Websites collection method for optimization analysis based on user's mental model the most according to claim 1, it is characterised in that step According to mental model category theory in rapid 2, user when website use classified catalogue carries out acquisition of information, mainly use level, Vertically and horizontally vertical impartial click mode, according to correlation between concept in classified catalogue during click, selects relevant Property high concept click on, utilize this principle, user cognition concept retrieved as search key to website, system Concept in the classified catalogue occurred in meter retrieval result and the frequency thereof, to analyze in user cognition concept and web catalogue Correlation between concept.

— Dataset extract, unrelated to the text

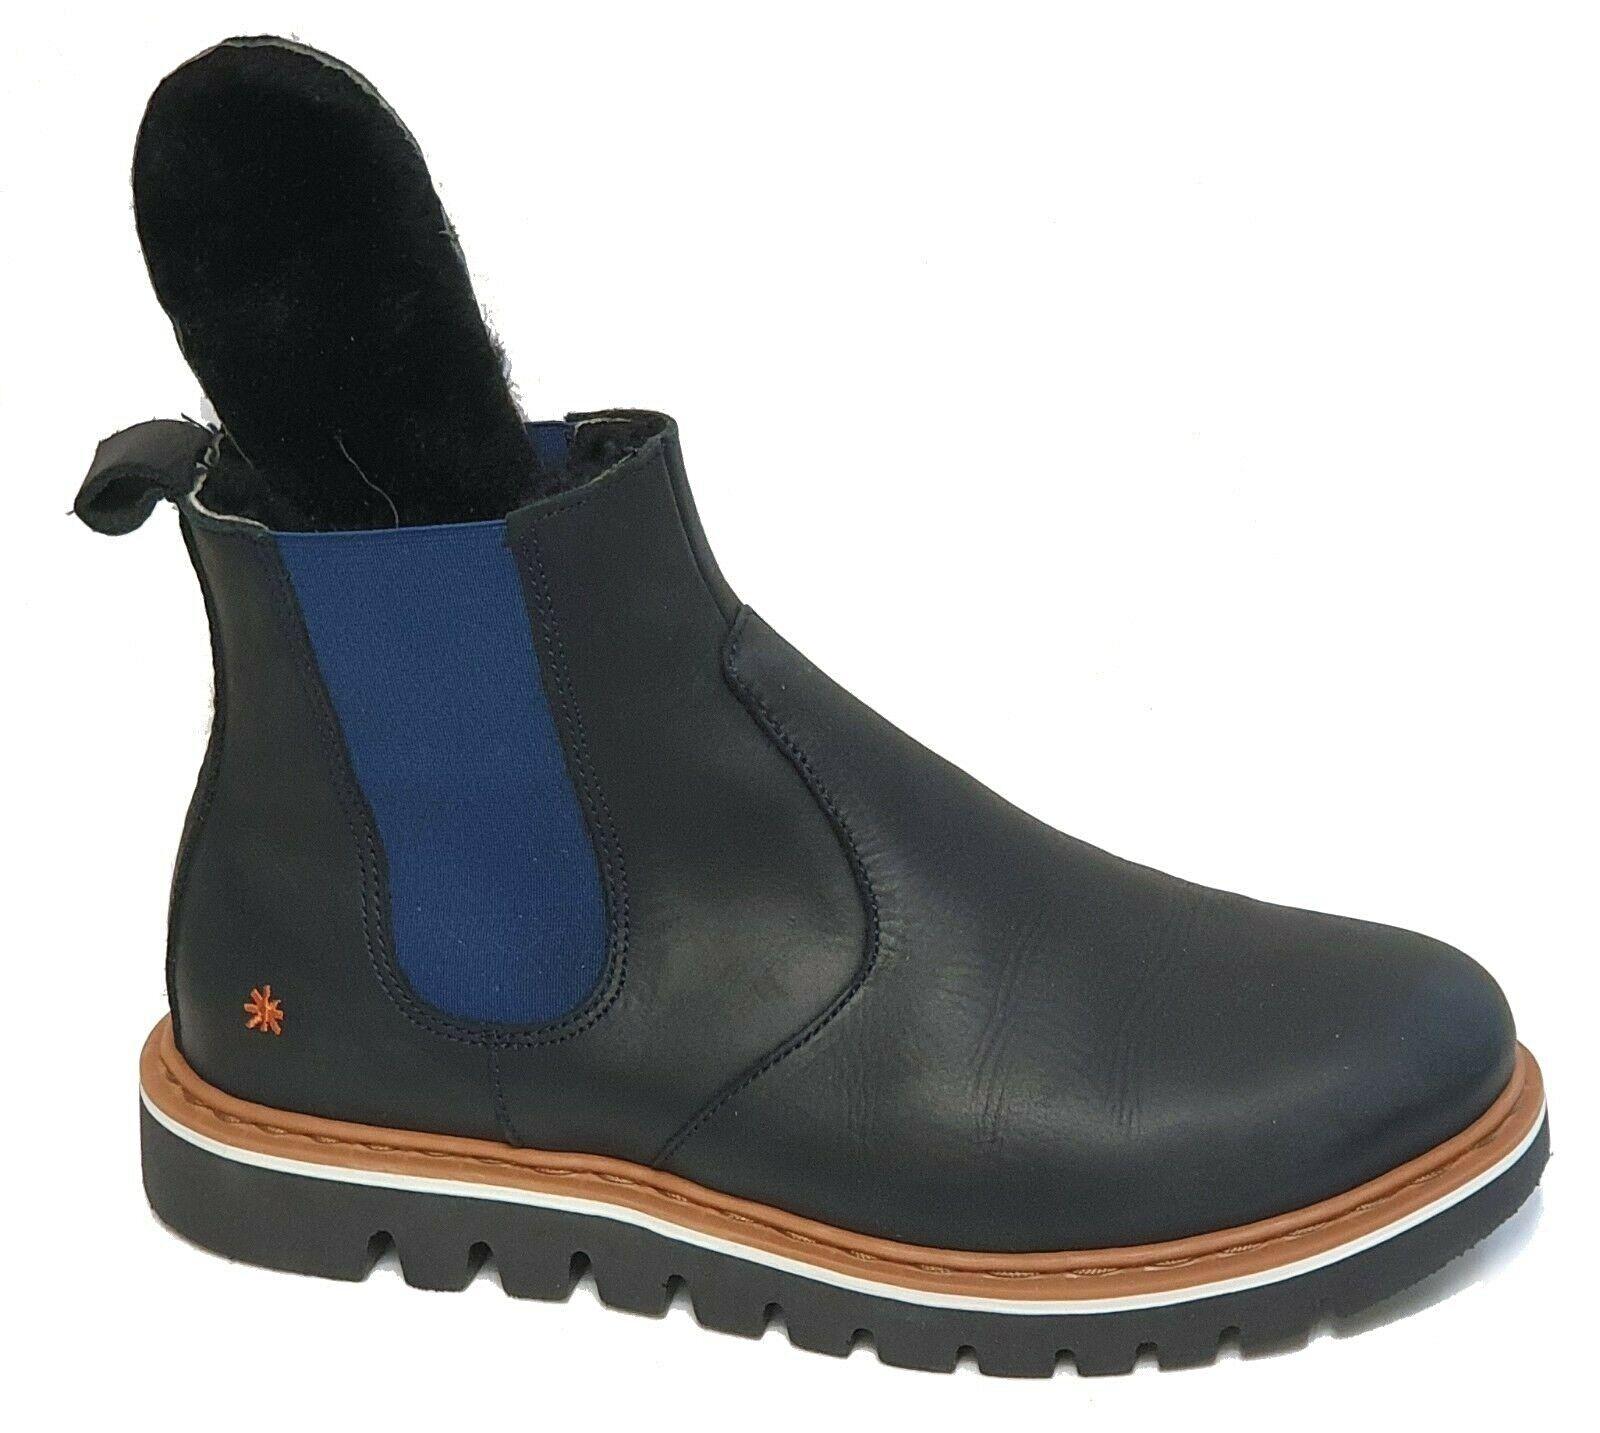 Art Company chelsea bota 1405 toronto grass negro azul original cuero genuino

Websites collection method for optimization analysis based on user's mental model the most according to claim 1, it is characterised in that step Determine the co-occurrence frequency between concept in co-occurrence matrix in rapid 3, specifically comprise the following steps that

Step 3-1, determine the co-occurrence frequency of concept in user cognition concept and classified catalogue, be specifically divided into two kinds of situations:

A kind of is user cognition concept and the co-occurrence frequency of concept in secondary classification catalogue, is designated as F₁,

F₁=p*x, the frequency that during wherein p is retrieval result, in secondary classification catalogue, concept occurs

X is the frequency that user cognition concept occurs

Another kind is user cognition concept and the co-occurrence frequency of concept in three grades of classified catalogues, is what user cognition concept occurred The frequency；

Step 3-2, determine the co-occurrence frequency between concept in classified catalogue, be concept and all users in two classified catalogues Smaller value in the co-occurrence frequency of cognitive concept, sums afterwards, is designated as F₂, m, n represent concept A in classified catalogue, B respectively With the co-occurrence frequency of user cognition concept, formula used is:

F₂=SUM (MIN (m, n))

Websites collection method for optimization analysis based on user's mental model the most according to claim 1, it is characterised in that step Rapid 4 generate similarity matrix specifically uses pearson relative coefficient to calculate as similarity, and formula used is

In formula, r is the degree that linear correlation between two variablees is strong and weak, generally meets 0≤r≤1, and n is sample size, X, Y andIt is respectively observation and the average of two variablees.